Artificial intelligence (AI) healthcare technology can solve our most complex and intransigent health issues. It has the potential to enhance healthcare quality, improve access, reduce cost, and deliver highly personalized care. However, delivering those solutions requires large, historical, broadly representative, and well-organized data from an affected population as well as from the individual that is seeking care. Without representative data and algorithms that render fair, accurate results, AI will exacerbate, rather than solve, longstanding health issues, especially for individuals that suffer from healthcare disparities.
Data Set Curation
The data sets that currently inform AI healthcare—upon which most new data sets are created—are frequently gathered from high-resourced, predominantly white communities, which may not be representative of treatment populations. Organizations with the goal of improving AI fairness by using representative data to create and improve algorithms, may use, combine, duplicate, or share individually identifiable health data collected from communities where greater data are needed, without their informed consent.
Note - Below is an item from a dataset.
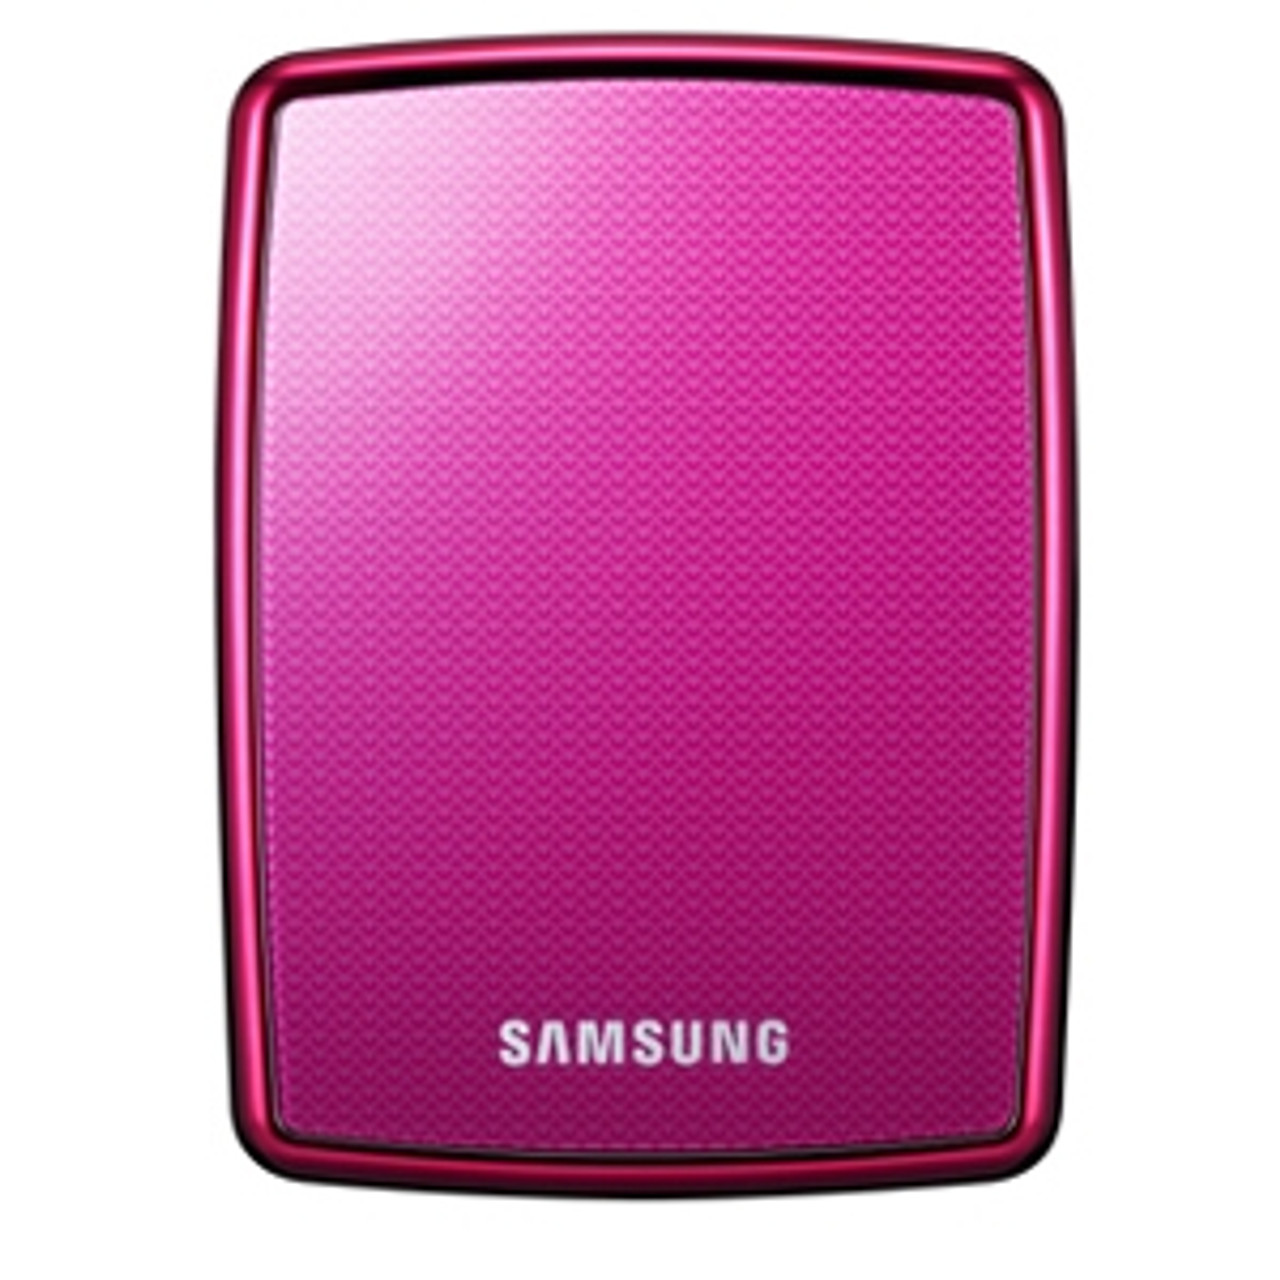 HXMU050DA/G72 - Samsung S2 Portable HXMU050DA 500 GB 2.5 External Hard Drive - Sweet Pink - 5400 rpm - 8 MB Buffer - Hot Swappable

For example, an organization may purchase data sets from a healthcare organization and enhance them with data obtained from public sources, exchanged with partner organizations, or purchased from third parties. Often, there is no requirement that the details of these relationships are disclosed to the individuals who provided their data.
Clinical trial data may be collected, used, and shared to maximize the representativeness of data sets. In the United States, the Common Rule applies to all experimental research, such as, for example, clinical trials to test the safety and efficacy of medical devices powered by AI. Under the Common Rule, the ethical collection and use of data is predominantly determined by an Institutional Review Board (IRB). This means that which data will be collected and how data will be used—for example whether data will be shared with third parties or reused for other research after the trial has concluded—may be approved by the IRB but not included in consent forms or disclosed to trial participants in any detail.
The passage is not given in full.